Monday, May 2, 2011

Babysitting

Since we moved farther away from both my parents and JT's, babysitting has been a bit of a problem for me. I was sick this past week, and couldn't get any help with the baby. My parents were out of town. JT's mom doesn't drive. I was too sick to go out to her. I really needed somebody to help with JY, and told JT I want to get a babysitter. It's hard driving 80 miles roundtrip to drop JY off at her grandma's every time I have to work, and being sick, I was just not up for that. JT absolutely refused. He says JY is not to be with anyone other than our parents.

His parents have told me the same thing: that I should please not leave JY with anyone other than them or my parents. To be honest this makes me feel the same way most people feel when their in-laws tell them how to raise their children: irritated and controlled. But they have a reason to be concerned: they trusted somebody once who turned out to be abusive.

This past experience, coupled with JT's background in police work, makes him really jaded about babysitters. I tell him that all my friends and relatives use babysitters and day care services and don't have any problems, but he won't listen to me. So I have to keep schlepping out there to his mom's or my dad's, with no other alternative.

It's just another example of how we think totally differently sometimes. When I'm sick, especially w/ a fever, I don't like to drive, I don't like to work, I don't like to do ANYTHING except lay in bed until I get better. But my husband makes me feel guilty. "I never miss work unless I'm dying," he said, and he took on some extra shifts. I'm like, "but you're getting sick too! You should stay home." And he looks at me like I'm crazy and like I just said money grows on trees.

So all week I was stuck at home, cooking, cleaning the house, chasing around a baby, and not getting much rest. And all I wanted was for somebody to take care of me. It's been hard being sick and needy around somebody who is so hardworking and persistent even when he's getting sick himself. Especially because he's never home, and when he gets home, he just wants to be left alone.

1 comment:

  1. Preach it sister! I felt myself getting sick on Thursday, so I went to the doctor. Thursday night (at 3 in the morning), I texted Hubs (he was on nightshift) that I was running a fever of 102 and felt like I was dying.
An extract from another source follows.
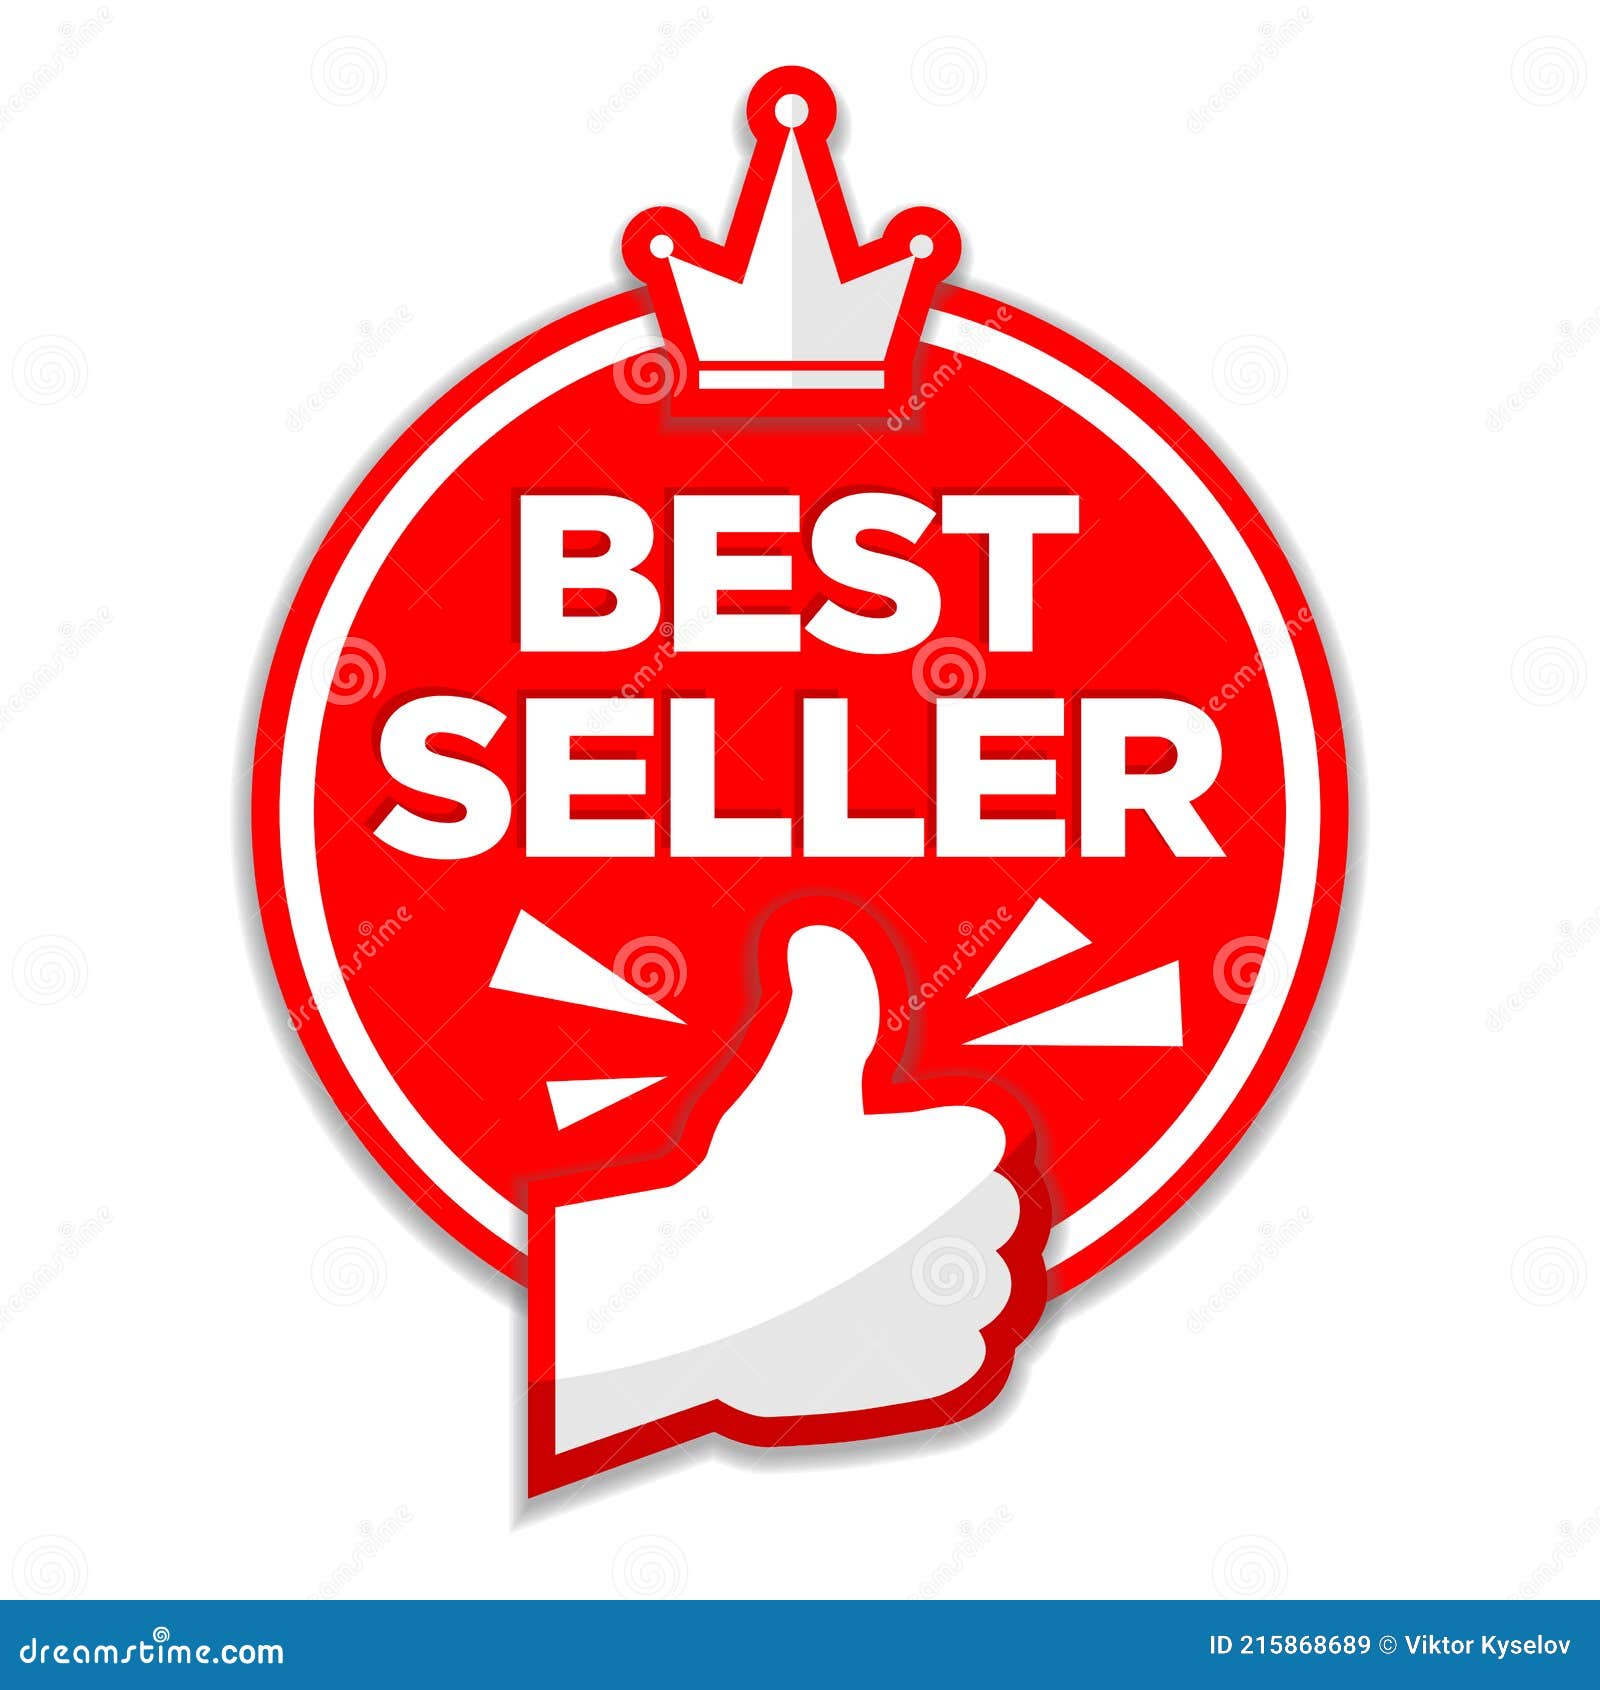 Best seller round sticker stock vector. Illustration of bestseller

He brought me chloraseptic and nyquil (I'm allergic to nyquil...thanks sweetie). The next day, I couldn't talk at all and didn't get out of bed. All he had to do all day was go pick up babygirl from camp and call the doc for me to get an antibiotic. While he was out I asked him to get my meds and bring me a milkshake. He said, "I'm not gonna be anywhere near any place to bring you a milkshake. I'll get your meds when I get home from off duty tonight. He went on a TYRAIDE (I think I misspelled that) when he got home and thank the good Lord above I couldn't speak cause it would have been on. I laid in the bed all day Saturday and he had the balls to ask if I wanted to go grocery shopping. Uh? No?! Hope you feel better chick and get some rest. If Momma's not well, nobody's gonna be well!